Our variable rate indebtedness subjects us to interest rate risk, which could cause our debt service obligations to increase significantly.

Our Term Loan Facility and our Asia ABL are subject to interest at a floating rate of Term Secured Overnight Financing Rate (SOFR) plus a margin, and as a result, we have exposure to interest rate risk. Certain central banks, such as the U.S. Federal Reserve, effected multiple interest rate increases in recent years. Increases in interest rates increase our cost of borrowing and/or potentially make it more difficult to refinance our existing indebtedness, if necessary.
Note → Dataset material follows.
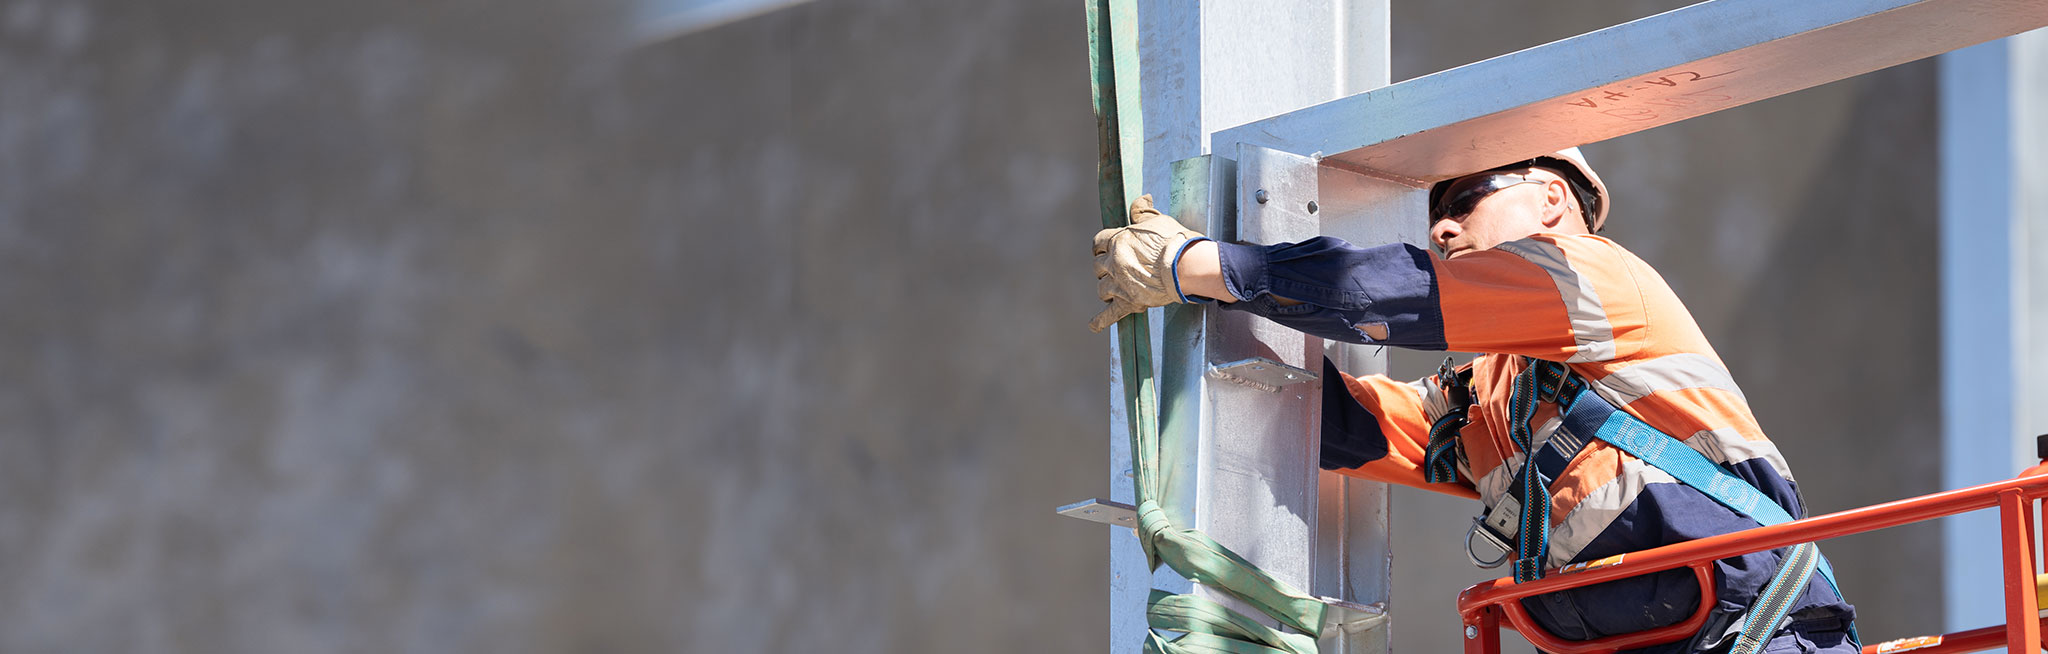 Image - Man on hoist at building site

We endeavored to mitigate this risk by entering into a four‑year pay-fixed, receive-floating (1-month Chicago Mercantile Exchange (CME) Term SOFR) interest rate swap arrangement in March 2023. The swap has a notional amount of $250.0 million for the period beginning April 1, 2023 and ending on April 1, 2027. Under the terms of the interest rate swap, we pay a fixed rate of 3.49% against the first interest payments of a portion of our Term SOFR-based debt and receive floating 1-month CME Term SOFR during the swap period. Although we have taken measures to mitigate our risk to interest rate increases, our swap instruments may not be wholly effective in mitigating this risk or otherwise provide an effective hedge against all interest rate volatility. See Quantitative and Qualitative Disclosures About Market Risk and Interest Rate Risks appearing in Part II, Item 7A of this Report for further information.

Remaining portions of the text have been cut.